Behavioral economics and donor nudges: Impulse or deliberation? (SSIR)

Dean Karlan, Piyush Tantia, & Sarah Welch

Originally published as “Behavioral Economics and Donor Nudges: Impulse or Deliberation?” in Stanford Social Innovation Review in January 2019, authors Dean Karlan, Piyush Tantia, and Sarah Welch discuss the psychological insights that can help nonprofits facilitate both impulsive and deliberate support from donors.

People donate to charity for many reasons. Hardly an objectionable claim. Generosity. Self-satisfaction. Guilt. Reciprocity. Duty. Prestige.

People also do not donate to charity for many reasons. Also hardly an objectionable claim. Inattention. Insufficient income. Over-spending. Fear of charity failure.
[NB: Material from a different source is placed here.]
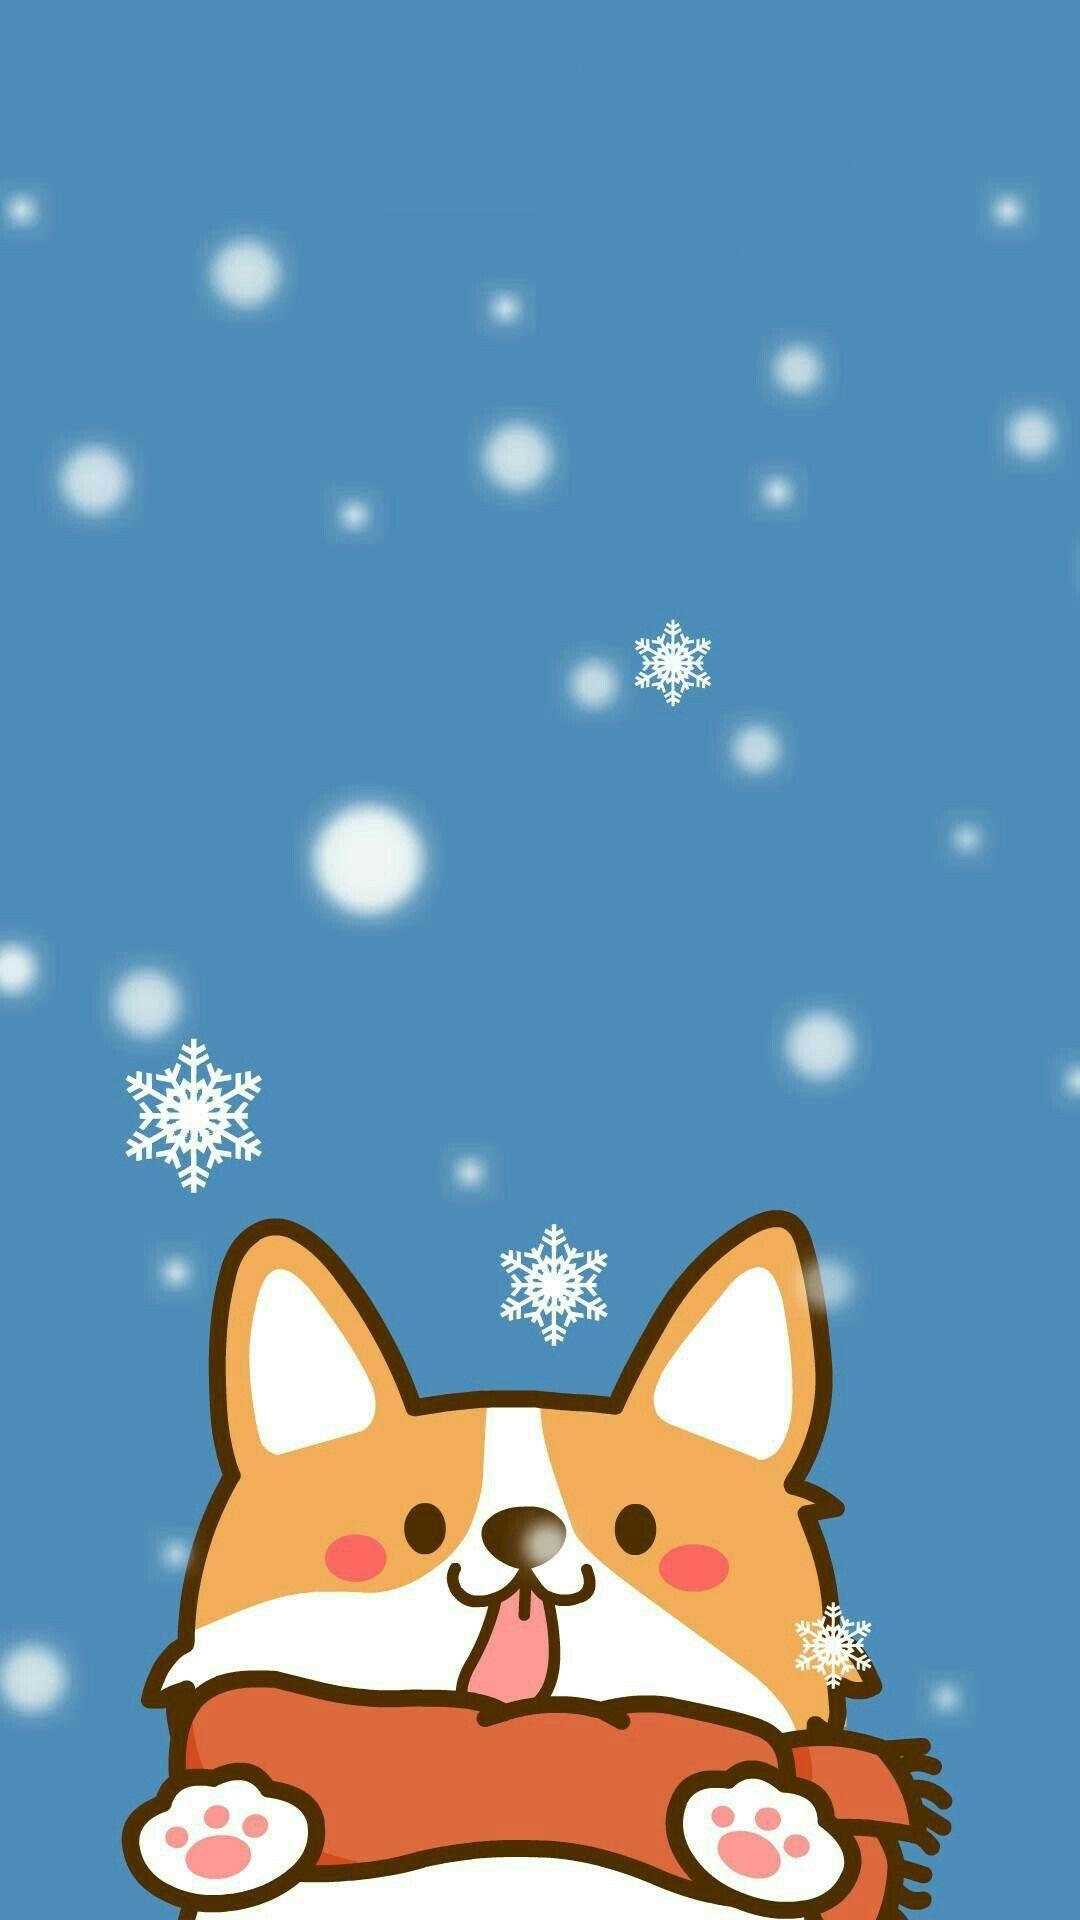 Pin De Barb Thomas Chancey En Backgrounds Fondos De Gato Dibujos Bonitos Dibujos Bonitos De Animales
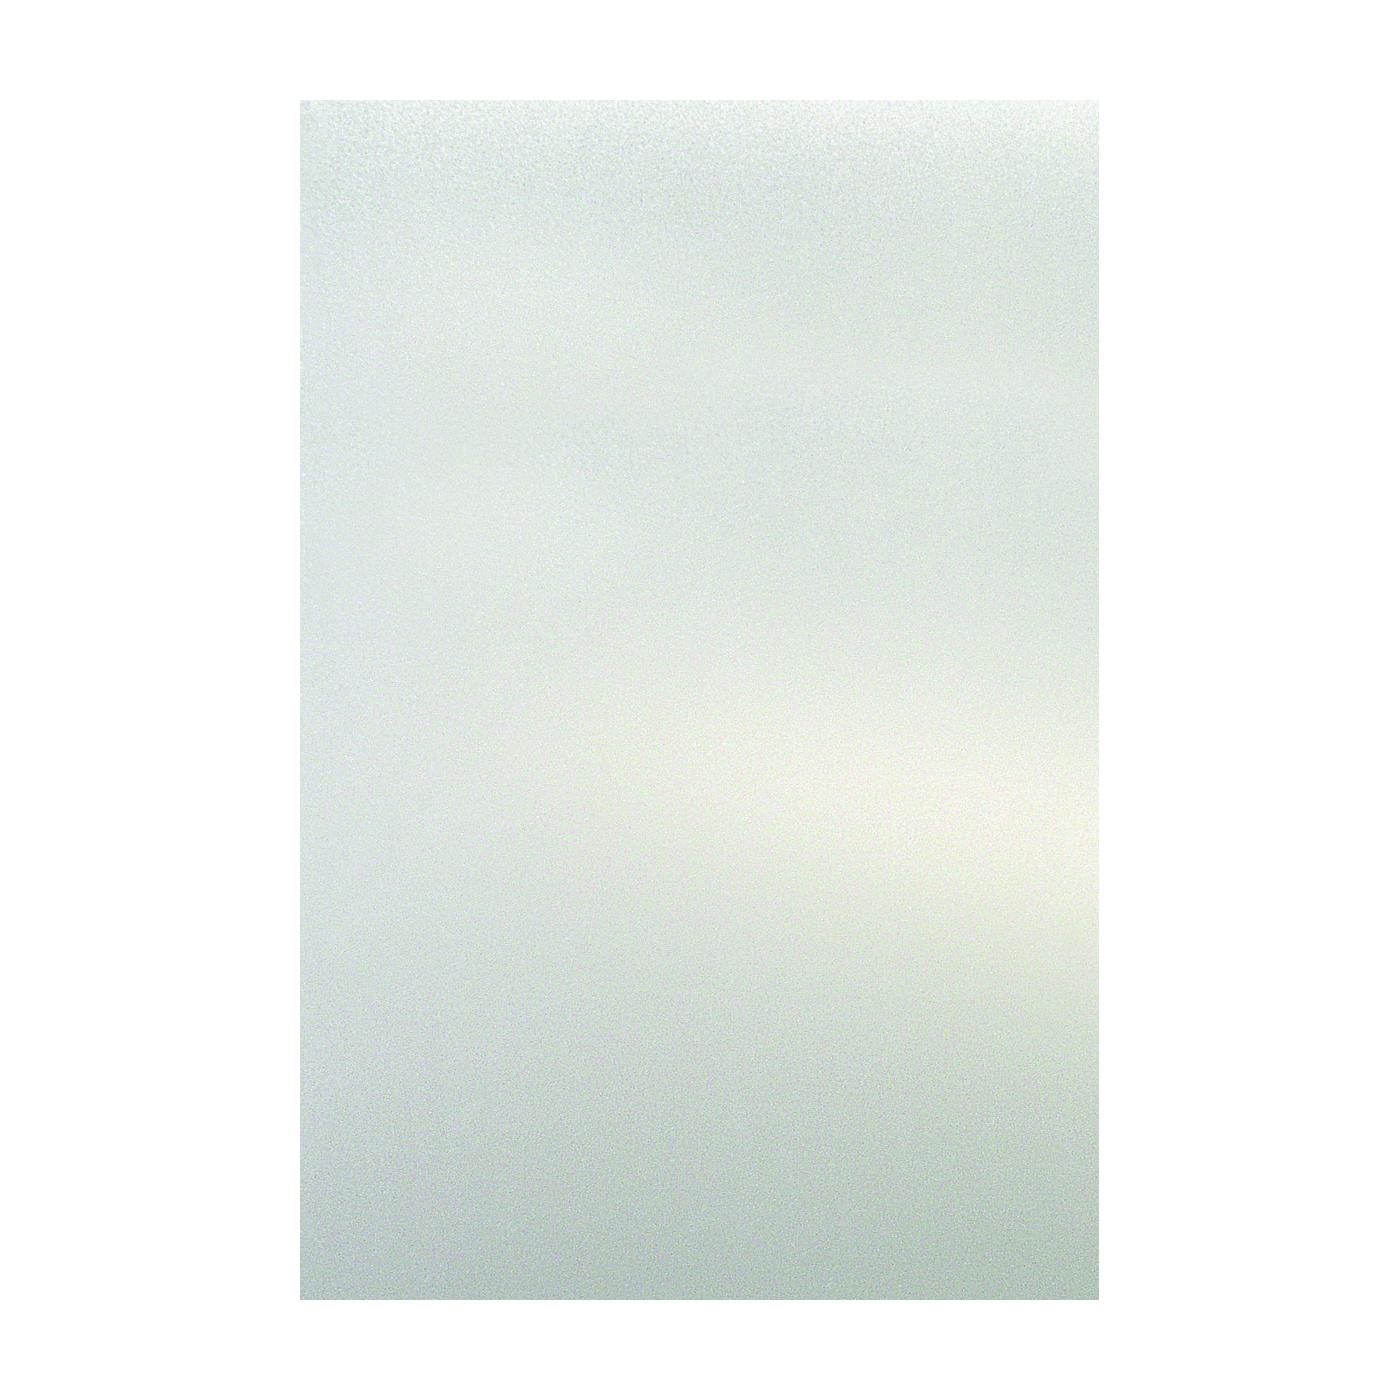 ARTSCAPE 01-0121

But whether people are giving or not, it seems that two factors remain steady: donors rarely give as much as they would like and they are rarely able to articulate consistent, evidence-based approaches to choosing the recipients of their aid.

Charities struggling with these donor barriers can turn to behavioral economics for insight. The science, encompassing psychology, economics, and other fields, can help facilitate donations, whether impulsive—quick gifts involving little analysis but rapid and positive emotional feedback—or deliberate—thoughtful contributions that resist the temptation of fast, feel-good donor experiences and more deeply account for the recipient of the aid and its results.  

Using these two categories for giving guides us toward impulsive and deliberative marketing techniques—“nudges” rooted in behavioral economics—that can profoundly influence the amount that people donate and the choices they make about which organizations to support.